La liste des zones de revitalisation rurale a été fixée par le décret n° 96-119 du 14 février 1996 et figure en annexe de l’instruction administrative du 14 octobre 1999 publiée au bulletin officiel des impôts sous la référence 5 B-18-99 (voir également Documentation de base 5 B 3366, Annexe I).

9.              Redéfinition des ZRR. L’article 2 de la loi n° 2005-157 du 23 février 2005 relative au développement des territoires ruraux a posé le principe de la refonte de la liste des zones de revitalisation rurale.

Les zones de revitalisation rurale comprennent les communes membres d'un établissement public de coopération intercommunale (EPCI) à fiscalité propre, incluses dans un arrondissement ou un canton caractérisé par une très faible densité de population ou par une faible densité de population et satisfaisant à l'un des trois critères socio-économiques suivants : un déclin de la population ; un déclin de la population active ; une forte proportion d'emplois agricoles.

En outre, les EPCI à fiscalité propre dont au moins la moitié de la population est incluse en zone de revitalisation rurale en application des critères définis à l’alinéa précédent sont, pour l'ensemble de leur périmètre, inclus dans ces zones.
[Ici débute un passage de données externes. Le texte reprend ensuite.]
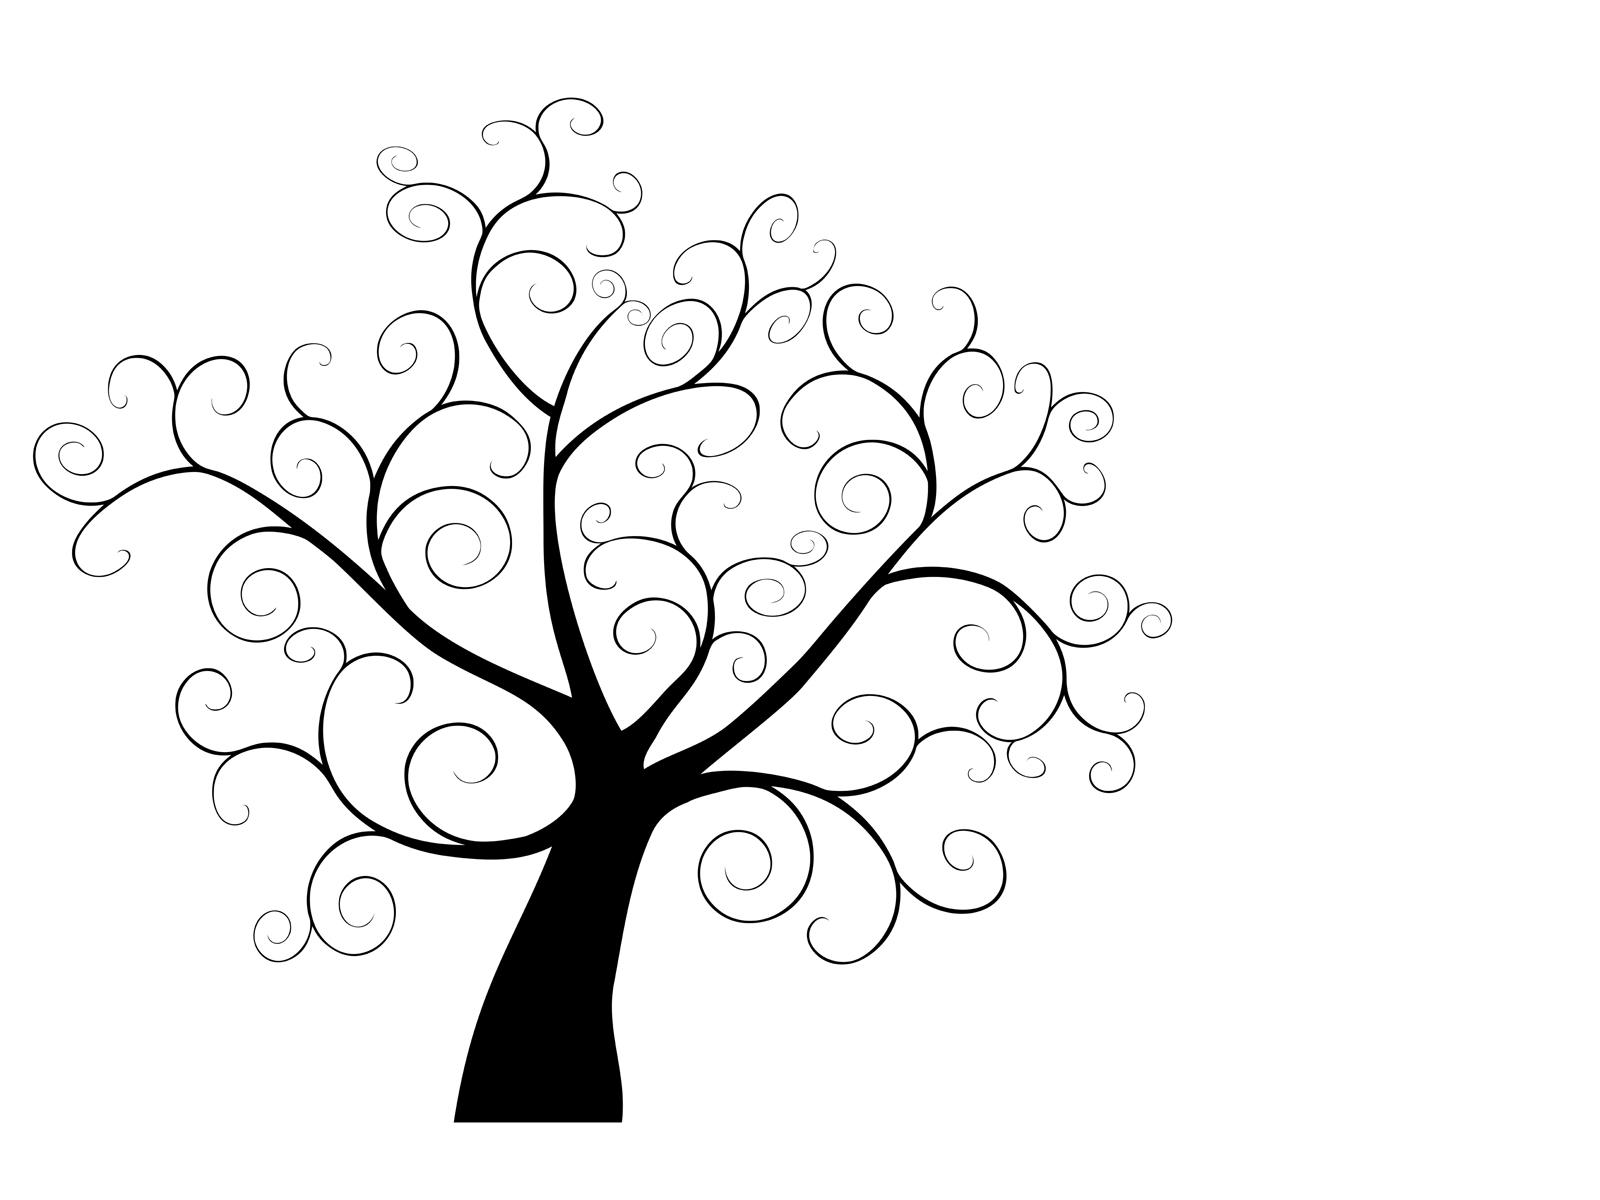 1600x1200 Swirly Tree Ppt Backgrounds, Swirly Tree Ppt Photos, Swirly Tree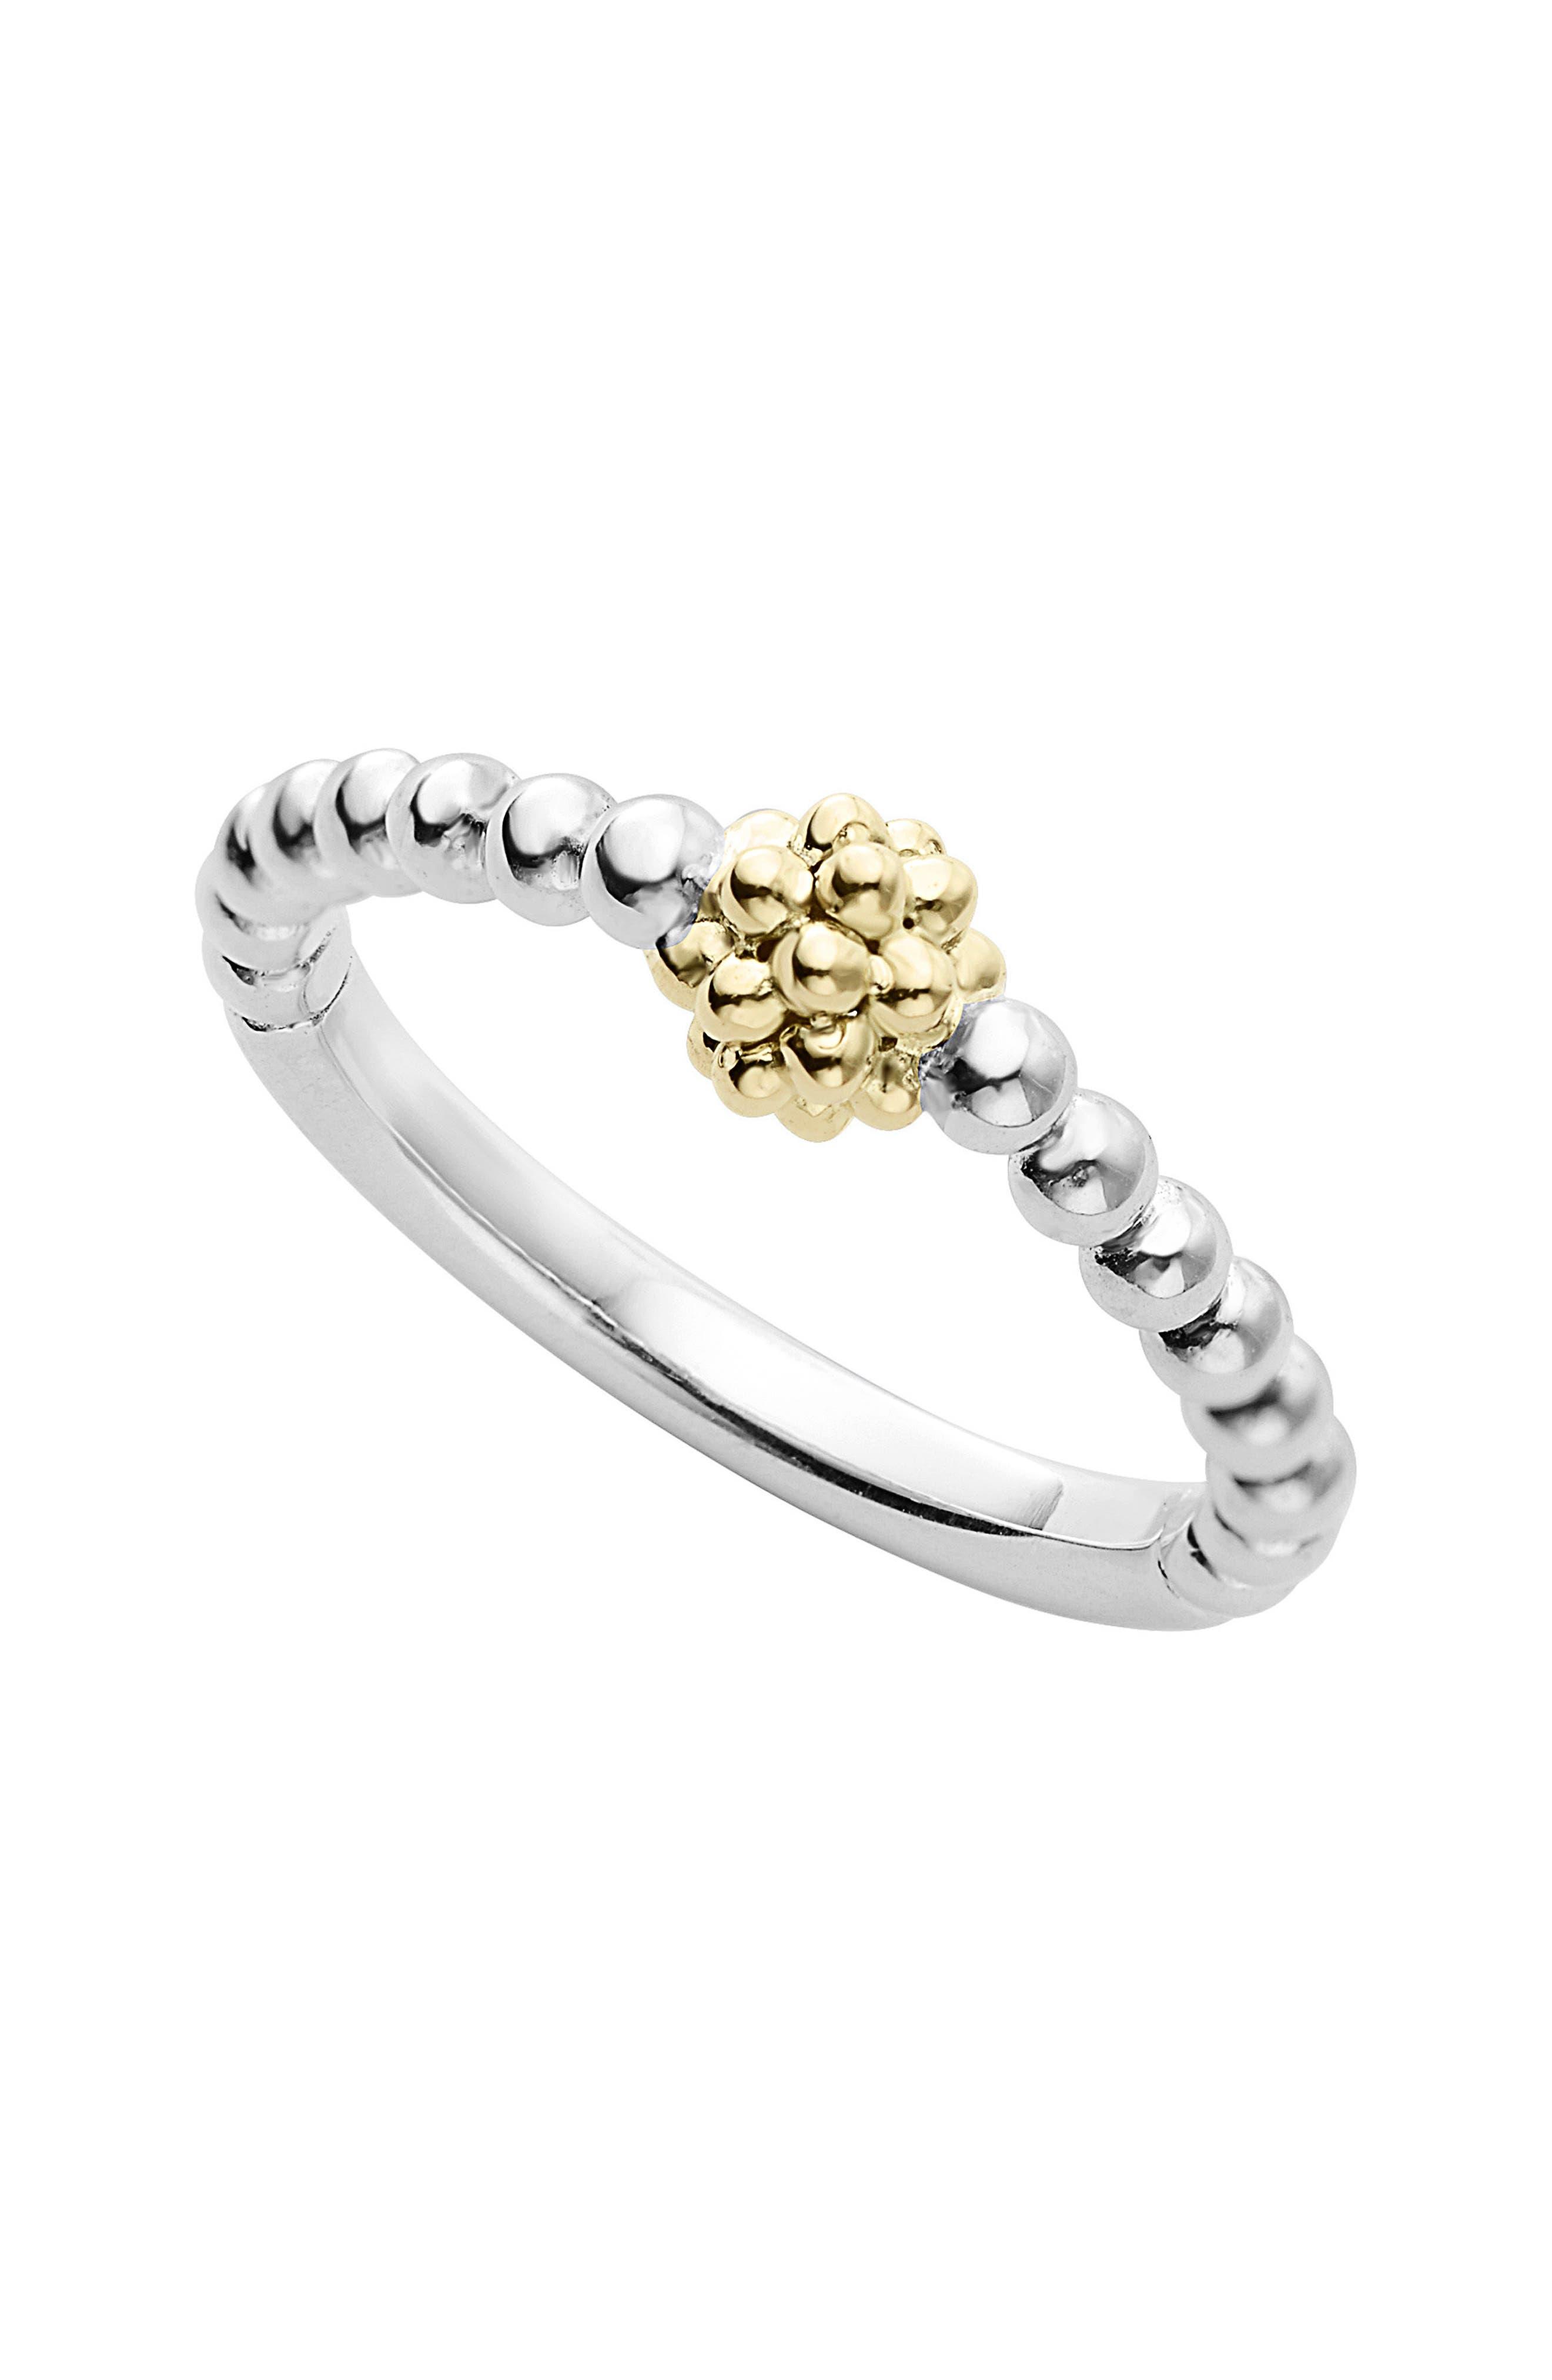 Caviar Icon Stacking Ring,                             Main thumbnail 1, color,                             Silver/ Gold

Les zones de revitalisation rurale comprennent enfin les communes appartenant au 1er janvier 2005 à un EPCI à fiscalité propre dont le territoire présente une faible densité de population et satisfait à l'un des trois critères socio-économiques définis ci-dessus. Si ces communes intègrent un établissement public de coopération intercommunale à fiscalité propre non inclus dans les zones de revitalisation rurale, elles conservent le bénéfice de ce classement jusqu'au 31 décembre 2009. La modification du périmètre de l'établissement public de coopération intercommunale en cours d'année n'emporte d'effet, le cas échéant, qu'à compter du 1er janvier de l'année suivante.

Cette redéfinition sera applicable à compter de la date de publication du décret d’application qui établira la nouvelle liste des zones de revitalisation rurale conformément aux nouveaux critères énoncés.

10.           Date d’appréciation. Le bénéfice du classement en zone de revitalisation rurale s’apprécie à compter de :

- la date d’acquisition pour les logements acquis neufs, inachevés, ou en l’état futur d’achèvement ;

- la date d’achèvement du logement que le contribuable fait construire ou des travaux de transformation en logements des locaux affectés à un usage autre que l’habitation ;

- la date d’achèvement des travaux de réhabilitation pour les logements ne satisfaisant pas aux caractéristiques de décence et acquis en vue de leur réhabilitation.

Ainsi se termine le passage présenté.